Michelle Magorian’s triumph as the Costa Children’s Book of the Year winner with Just Henry makes it a prize double for Egmont, which also carried off the older category of the first Roald Dahl Funny Prize, with Andy Stanton and David Tazzyman’s Mr Gum and the Dancing Bear. This is fine recognition for the publisher. But it also deserves an accolade for a quieter achievement.

You might think that among the shortlisted titles - also including Saci Lloyd’s The Carbon Diaries 2015, Keith Gray’s Ostrich Boys, and Jenny Valentine’s Broken Soup - Saci Lloyd’s was obviously the “greenest”, with its theme of carbon rationing in the near future. But Just Henry is just as green, because it is a product of the Ethical Egmont initiative masterminded by Egmont production director Alison Kennedy.

The attempt to be an ethical publisher, which has been developed over many years at Egmont, has three strands: Safety First, which ensures high safety standards for small children, particularly on novelty books, and has required spreading awareness among editors, designers and illustrators; Made Fairly, which sets standards of working conditions in source factories; and Responsible Forestry, which has espoused FSC standards and eliminated all unknown and dodgy sources for paper (which may not only entail illegal logging, but be bound up with other unscrupulous businesses such as drug-running).

 

Nobly, Kennedy and Egmont Press Director Cally Poplak, in a truly green and ethical spirit, decided that it was not enough to pursue these aims alone; they should work to embrace the wider publishing industry in all three areas. High safety standards are already set by, for instance, the Disney Corporation, with which Egmont works, so Egmont is among a number of companies that spread the word. Factory audits were already conducted by industry bodies; greater co-operation between companies has rationalised these to ensure that group audits are being made on behalf of many businesses. And Egmont developed its own copyrighted system for rating paper, and assembled a forum in 2006, originally of 10 publishers, which signed up to PREPS (the Publishers’ database for Responsible Environmental Paper Sourcing). This now holds details of 1,600 papers and their environmental credentials, as well as technical information, and allows publishers to use the data to make informed decisions.

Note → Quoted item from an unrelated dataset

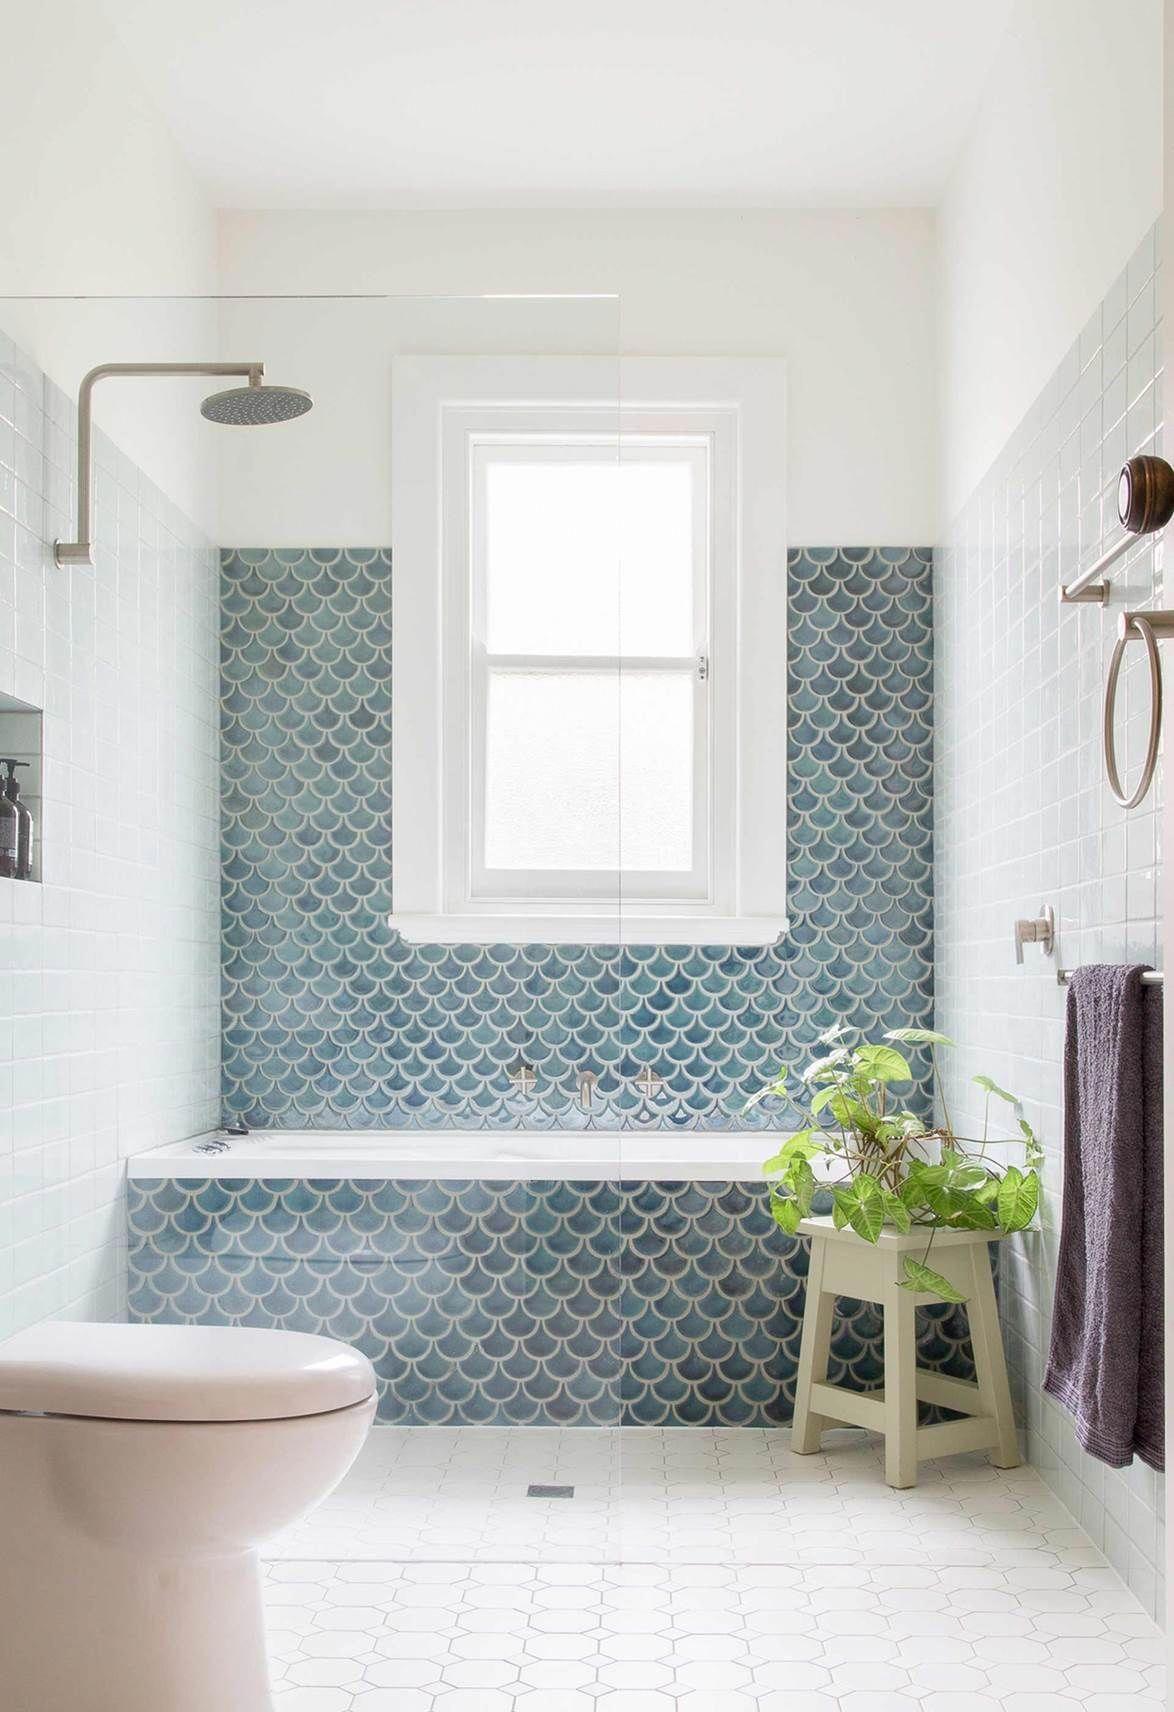 Cute Bathroom Decor Bathroom Decor Designs Bathtub Design

Just Henry was published on FSC paper. Saci Lloyd’s book was, appropriately, published on 100% recycled paper. Random House has had, since January 2007, a procurement policy that commits the company to ensuring FSC sources for its hardbacks (though not for Ostrich Boys - a B format paperback). And HarperCollins, publisher of Broken Soup, was one of the founding members of PREPS.

Which may make this the greenest Costa children’s shortlist yet.